First, a disclaimer: I am avoiding any discussion of religion in this contest. Religion allows Christmas to bring a gun to the holiday knife fight. It will win every time. So let’s leave that off the table and get to my list of why Halloween is the best.
1) The time of year. Is there anything better than stepping outside on a sunny October afternoon, crunching leaves while you walk to the mailbox, holding your wife’s hand? What about wandering through a pumpkin patch with your kids, watching them heft every gourd in sight so they can find the perfect one? There is something about the sun being a bit lower in the sky, giving things a warm orange hue. If you ride a motorcycle you’ll know what I mean when I say that a fall ride on a bike is one of the great joys in life.
2) The costumes. Enough said.
3) The social aspect. On Halloween, EVERYONE gets out of their house and wanders the neighborhood. It feels old-fashioned, but not in a bad way. Do you have a family you just can’t seem to home teach? I bet you will see them trick-or-treating (I cheated on the ‘no religion’ thing. Sorry).
4) Halloween allows you to live the American dream. Do you perpetually get your heart broken on Valentine’s day? Feel left out because you can’t drink on St. Patrick’s day? Do you find that you never get what you want for Christmas, no matter how good you are? Have I got a holiday for you! Halloween is the only holiday I know of that gives you the opportunity to work for your reward. It’s all on you. If you don’t work, you don’t eat. If you hustle you can build a candy empire. In the immortal words of Homer Simpson: “First you get the sugar, then you get the power, then you get the …” What better lesson could you teach the kids?
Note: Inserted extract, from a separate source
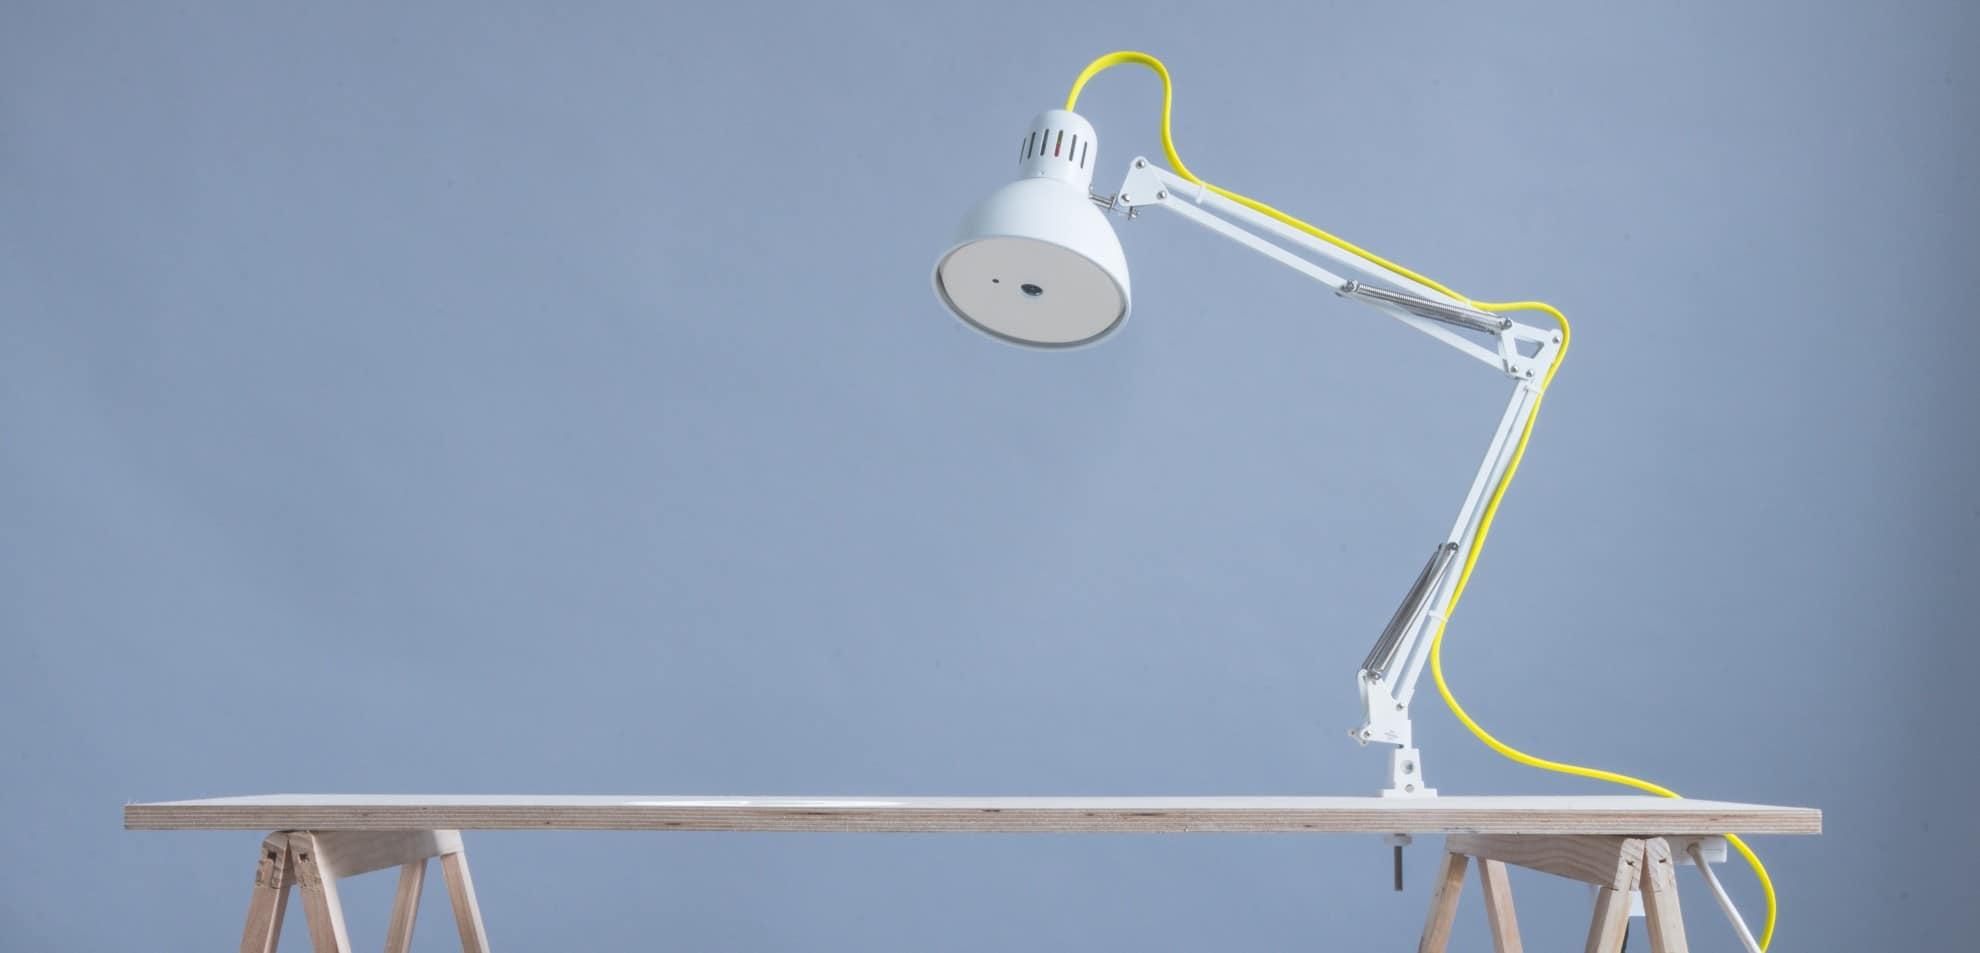 Lantern Aus Einer Ikea Lampe Wird Ein Augmented Reality Projektor

5) Getting set up for Halloween is cheap and easy. I’ve never met anyone that has gone into debt because they wanted to “give the kids a good Halloween.” Nor have I ever heard of someone needing a vacation because Halloween was so stressful. Have you ever worried about the in-laws staying a few days at your house for Halloween? Ever had a huge family fight because the Halloween turkey was too dry, and creepy Uncle Terrance showed up unannounced? I didn’t think so. For Halloween you throw up some decorations, buy some candy, light a fuse, and get away. Done and done.
I could go on, but I’ll end it here. Again, I want to reiterate that I love Christmas and every other holiday (except Valentine’s day ... 3rd grade was brutal). To me, however, there is one clear winner. I’ll drink (pumpkin eggnog) to that!